Milla : Renaissance et superficialité auteuriste

Deuxième long-métrage de Valérie Massadian, où deux jeunes personnes sont amoureuses au point de s’évader ensemble. Des vagabonds propulsés par l’amour, par le désir d’être juste ensemble. Le film démarre très bien dans ce voyage entrepris par les deux personnages. Une sorte de chronique sauvage d’un couple qui s’embarque dans la précarité. Tel un conte de personnages en marge de tout, où les jours se suivent et sont tous de nouveaux défis. Valérie Massadian a notamment la bonne note pour que la fougue de cette chronique prenne un tournant significatif. L’un des deux trouve un travail, puisque l’argent est devenu un élément indispensable à la survie, même lorsqu’on décide de vagabonder. Ainsi, l’univers de la maison abandonnée se modifie, à mesure que les corps prennent de la distance (à cause du travail) et que la maison se meuble petit à petit. Mais cette chronique touchante prend un tournant plus radical ensuite, mais qui fait sombrer le film dans la perte de rythme et dans le manque total d’idées.

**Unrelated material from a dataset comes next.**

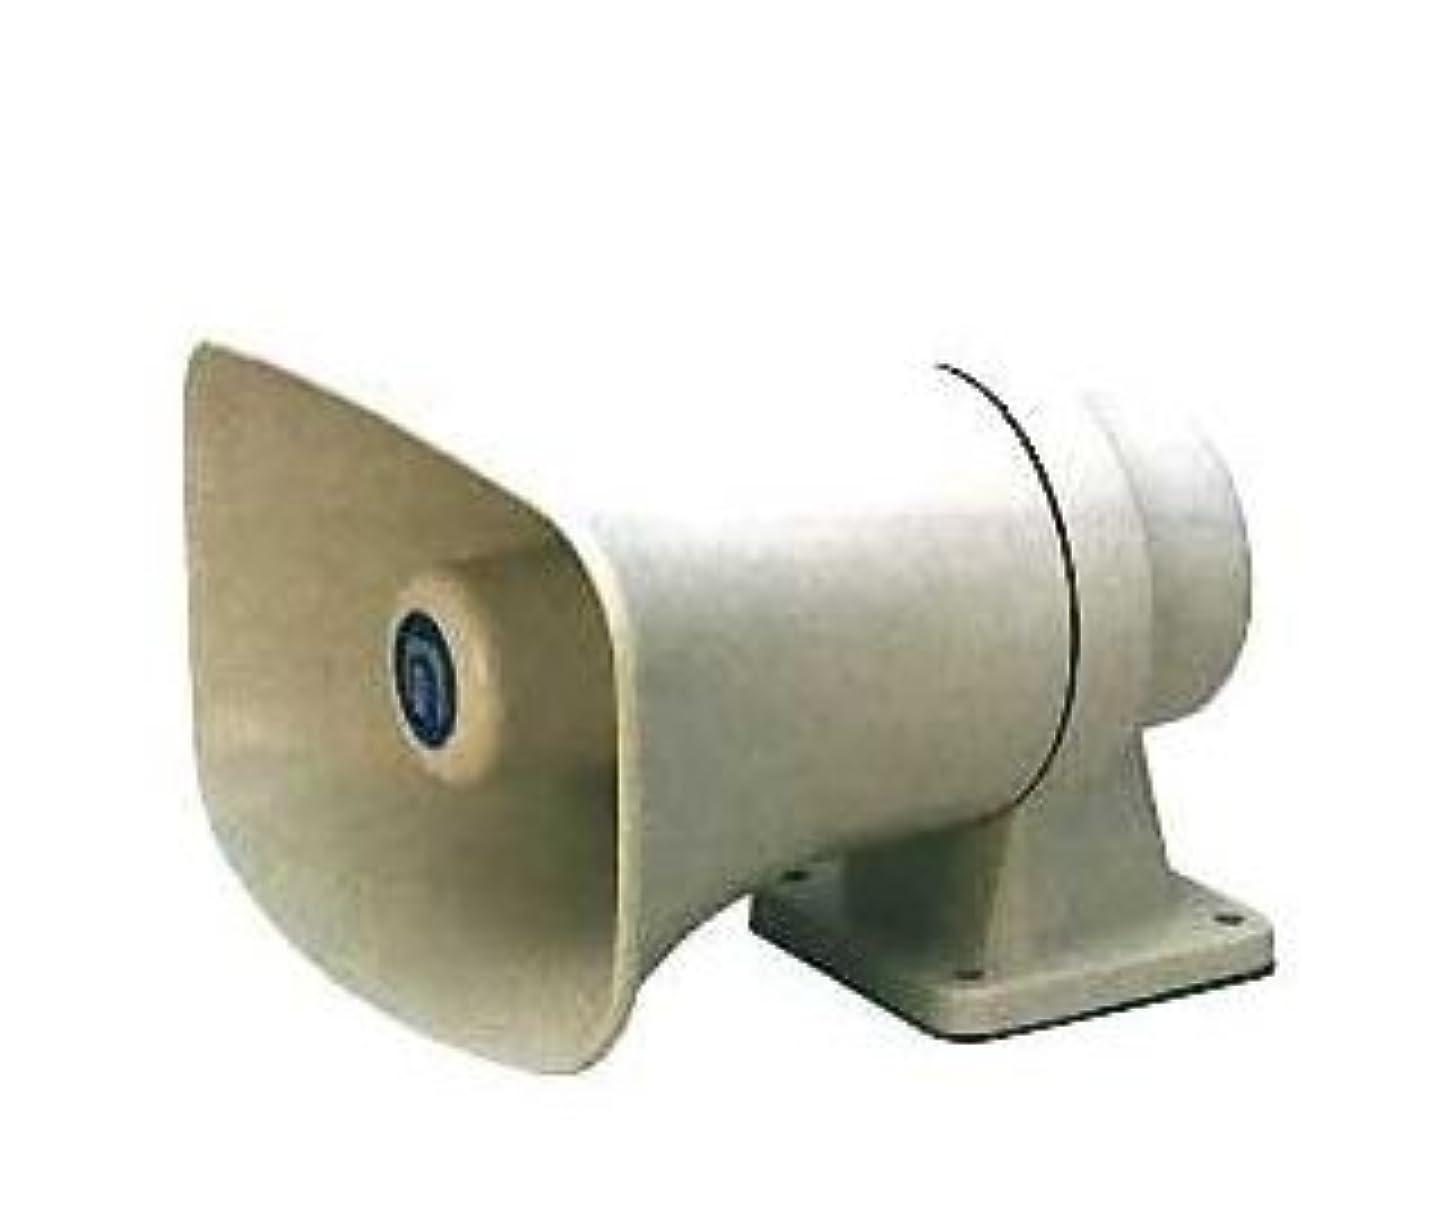 自体貼り直す合唱団小型船舶用第四種汽笛SG-122

Certes, le film ne manque pas de messages intéressants : le courage, la féminité, l’amour, l’amitié, la lutte. Sauf que le film ne prend que trop rarement un ton grave ou dramatique. Le film est toujours à la recherche de la beauté et d’une forme d’héroïsme de la part de sa protagoniste courageuse. Or, rien ne peut fonctionner si la tragédie du parcours n’est pas marquée plus sombrement. Dans sa seconde partie, le film semble vouloir conter le schéma type d’une renaissance intime après un grand choc dramatique. Sauf que les éléments qui se substituent à une absence ne devraient pas se substituer à la beauté de la première partie. Même si la protagoniste se transforme psychologiquement, la caméra la regarde toujours de la même façon. Le film fait preuve de bien trop de complaisance dans le traitement de la « renaissance », allant même jusqu’à effacer la première partie en changeant d’habitation.

Ainsi, Valérie Massadian étire son récit au plus long possible. Alors que le film aurait pu durer facilement 1h30, il dure un peu plus de 2h (on se demande encore pourquoi). Il y a tellement de longueurs qui peuvent être retirer, qu’il est impossible de toutes les lister. La première partie du film va directement à l’essentiel, en dessinant une chronique attachante et troublante à la fois. Toutefois, la seconde partie se noie dans la démonstration de la chronique. Après la grande ellipse, la protagoniste nommée Milla est soumise à de nombreuses répétitions qui n’apportent pas grand chose à sa personnalité. La chronique de la seconde partie travaille le temps comme un calque, où les jours fictifs se multiplient à égalité, où seules les quelques rencontres faites apportent un peu de vitalité.

Parce que même la mise en scène est fatigante. A vouloir trop travailler sur le temps, la mise en scène semble insister sur les mêmes détails. Même si l’intimité est le meilleur point de vue pour exprimer l’évolution d’un personnage, d’explorer sa douleur et de développer sa guérison, il faut tout de même que cette intimité puisse contenir assez de bagage. Sauf que le film s’appuie sans cesse sur les mêmes idées, sur les mêmes détails intimes, créant alors un temps mort pour chaque nouvelle scène. Valérie Massadian ne compose son film (pratiquement, à quelques exceptions près) qu’avec des plans fixes. Une esthétique tellement austère, minimaliste, que le film se prend pour une fable à caractère mélancolique (le pire moment étant ce poème récité face caméra avec un fond rouge). Alors que la première partie se concentre suffisamment sur la transformation de l’espace, de l’environnement sentimental, la seconde partie du film gomme totalement cette intention. Les espaces de la seconde partie ne sont qu’anecdotiques, n’étant qu’un décor de mise en situation. Il n’y a pas vraiment de poésie qui ressort de ce film, puisque les espaces fonctionnent sur l’attente, sur le temps mort mais sans contemplation tellement le cadre est resserré. Clairement ce qu’il y a de plus pénible à voir dans ce type de cinéma français qui se veut auteurisant.